DADOS DE TRÁFEGO CONSERVADOS
DADOS DE TRÁFEGO INTERCETADOS EM TEMPO REAL
ESCUTAS TELEFÓNICAS
INCONSTITUCIONALIDADE
Sumário

I - Haverá que distinguir entre a prova proveniente dos dados de tráfego conservados, previstos pela Lei número 32/2008 de 17 de julho e a prova proveniente de dados de tráfego intercetados, e conhecidos em tempo real, prevista no artigo 189.º n.º 2 do Código de Processo Penal, sendo que somente a primeira está abrangida pela declaração de inconstitucionalidade resultante do acórdão n.º 268/2022 do Tribunal Constitucional.
II - A recolha de dados de tráfego intercetados e conhecidos em tempo real e o seu fornecimento às autoridades judiciárias para efeitos de investigação criminal, desde que verificados os demais pressupostos legais não colide com a inconstitucionalidade declarada relativamente aos artigos 4°, 6° e 9° da Lei n.º 32/2008 de 17 de julho.

Texto Integral

Proc. n.º 344/20.5IDPRT-A.P1


Acordam em Conferência na 1ª secção Criminal do Tribunal da Relação do Porto


Nos autos nº 344/20.5IDPRT-A.P1 que correm na comarca do Porto, Tribunal Judicial da Comarca do Porto Juízo de Instrução Criminal do Porto - Juiz 1, foi proferido o seguinte despacho:
“Defere-se, nos termos dos art.º 187.º, n.º 1, al. b), 189.º e 269.º, n.º 1, al. e), todos do C. Pr. Penal, à requerida intercepção e gravação das comunicações efectuadas de e para os cartões SIM ... e ..., ambos da operadora V....
Com efeito, considerando os indícios já recolhidos no inquérito em curso e as informações policiais dele constantes, as promovidas escutas telefónicas recortam-se como essenciais para a descoberta da factualidade relevante, pois que, de outro modo, se revelará muito dificultada - senão mesmo impossibilitada – a acção investigatória dos órgãos de polícia criminal que conduzem a presente investigação (art.º 187.º, n.º 1 do C. Pr. Penal).
Assim, autoriza-se a intercepção e gravação a intercepção das comunicações efectuadas pelos aparelhos de comunicação móveis acima referidos, bem como cópia legível dos contratos de adesão com a operadora caso existam, ou no caso de se tratar de um cartão recarregável, fornecimento das datas de carregamento, referências multibanco, códigos de carregamento e demais dados que permitam a identificação dos cartões bancários utilizados para proceder ao respectivo carregamento.
No que respeita à facturação detalhada onde constem as chamadas efectuadas e recebidas (trace-back), bem como a informação das células activadas durante as conversações e a identificação dos números que os contactem, considerando que, nos termos do art.º 4.º, n.º 1, al.s c) e f) da Lei 32/2008, de 17.JUL, essas informações dizem respeito a dados de tráfego e que esses normativo (bem como os seus art.ºs 6.º e 9.º) foram declarados inconstitucionais, pelo ac. do Tr. Constitucional n.º 268/2022, de 19.ABR, com força obrigatória geral, não pode dar-se acolhimento a tal pretensão do M. Público.
Prazo: 90 dias (art.º 187.º, n.º 6 do C. Pr. Penal).”

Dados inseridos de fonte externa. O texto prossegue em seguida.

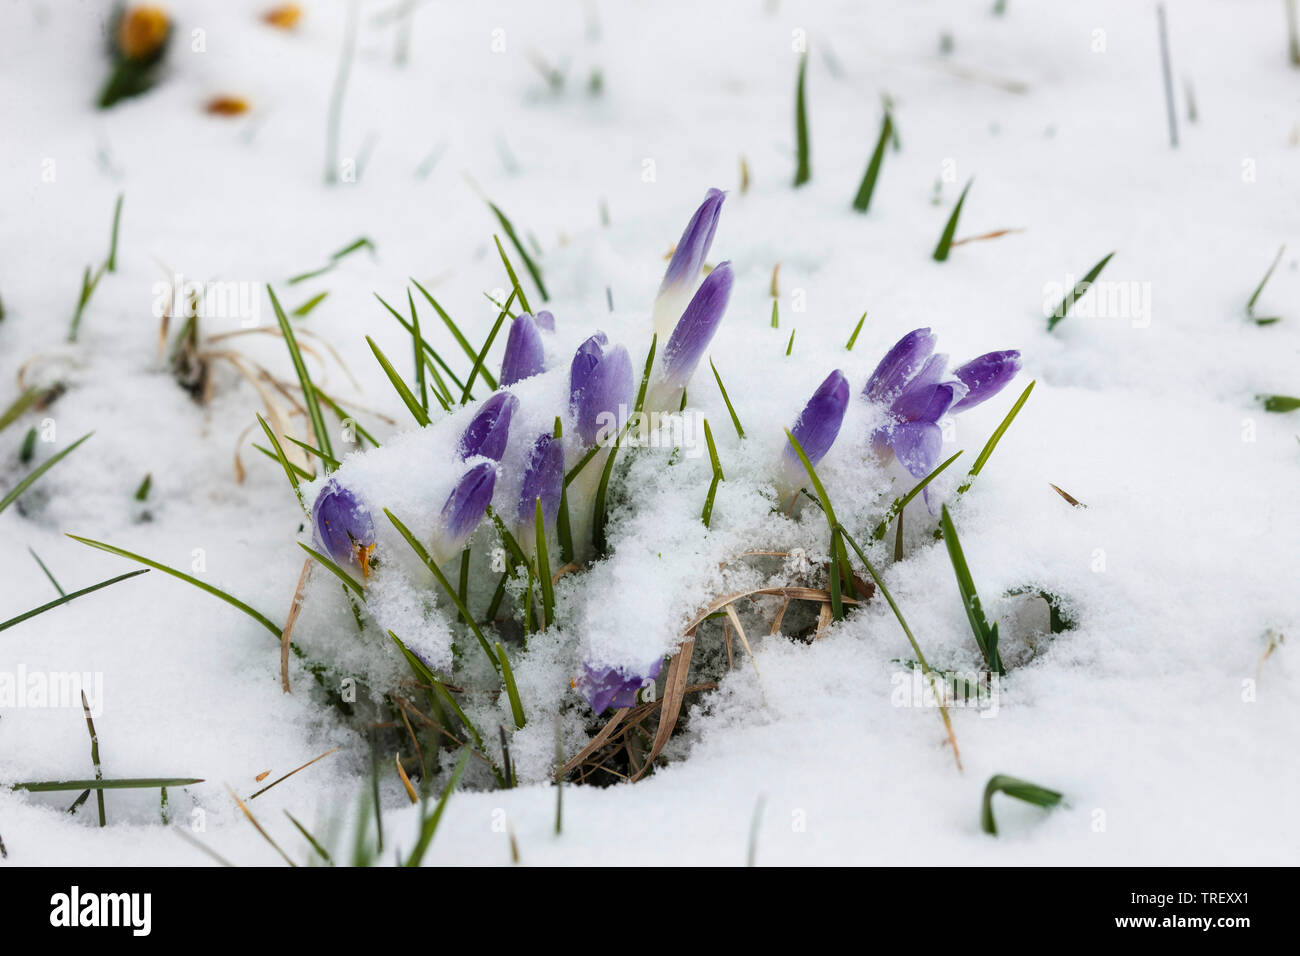 Crocus (Crocus vernus), blue flowers in snow. Germany Stock Photo

Inconformado, veio o Digno Magistrado do ministério Público, interpor recurso, tendo concluído o mesmo nos seguintes termos:
I – Conforme admitido pelo disposto no art.º 187º do Código de Processo Penal, o Ministério Público promoveu interceções telefónicas e a obtenção de dados de tráfego, trace-back e georreferenciação.
II – o MMº Tribunal a quo considerou essencial à descoberta da verdade a realização de interceções telefónicas, mas negou a restante promoção por considerar ser inconstitucional a obtenção desses elementos. Fundou-se na declaração de inconstitucionalidade feita no inciso decisório do Acórdão do Tribunal Constitucional n.º 268/2022.
III – O Tribunal Constitucional não se pronunciou sobre a inconstitucionalidade do disposto no art.º 189º/2, do Código de Processo Penal, mas sim sobre normas da Lei 32/2008.
IV – Caso o MMº Juiz do Tribunal a quo entendesse que o disposto no art.º 189º/2, do Código de Processo Penal é inconstitucional em virtude da doutrina constante de tal Acórdão, teria que expressamente tê-lo declarado para que se iniciasse o mecanismo de fiscalização difusa de constitucionalidade com recurso obrigatório para o Tribunal Constitucional, o que não fez. Tão pouco elencou argumentos que permitam concluir que assim o entende.
V – Já depois de publicado o Acórdão do Tribunal Constitucional n.º 268/2022, foi proferido o Acórdão do Supremo Tribunal de 06.09.2022, no Processo 618/16.0 SMPRT, em sede de recurso extraordinário de revisão.
VI - Aí se sumariaram as seguintes conclusões: “Os arts.187º a 189º, do Código de Processo Penal regulam o recurso aos dados relativos a conversações ou comunicações telefónicas em tempo real, enquanto o acesso aos dados conservados pelas operadoras por conversações ou comunicações telefónicas passadas é regulado pela Lei n°32/2008, de 17 julho;
VII - O n.º 1 do art.187º do Código de Processo penal delimita o objeto dessa regulação como “a interceção e a gravação de conversações ou comunicações telefónicas”, o que representa comunicações a ocorrer, conversações ou comunicações telefónicas em tempo real.
VIII - Já se o que interessa processualmente são comunicações passadas, localizadas no tempo e no espaço, chama-se à colação a Lei n°32/2008, de 17 de julho.
IX - São, pois, dois meios de prova diferentes: um as escutas telefónicas, outro a conservação e transmissão dos dados. O primeiro regulado nos arts 187º a 190º do Código de Processo Penal. O segundo previsto nos artigos 4°, 6° e 9° da Lei n.º 32/2008, agora declarados inconstitucionais nos termos do acórdão n° 268 do Tribunal Constitucional.
X - Mais, a doutrina fala mesmo na trilogia das fontes da prova digital, a saber: Código de Processo Penal, artigos 187º a 190º, Lei 32/2008, de 17.07, a denominada lei dos metadados, e a Lei 109/2009, de 15.09, Lei do Cibercrime, “três diplomas legais para regular aspetos parcelares da mesma realidade concreta.”
XI – O acórdão do Tribunal Constitucional não buliu em mínima medida sequer com o regime processual penal das interceções telefónicas.”
Termos em que se pugna que o Despacho recorrido seja substituído por outro que ordene às operadoras de telecomunicações que fornecem os serviços de comunicações aos postos alvo de interceção, que entreguem nos autos os dados de faturação detalhada, trace-back e de georreferenciação, para o período da interceção decidida judicialmente.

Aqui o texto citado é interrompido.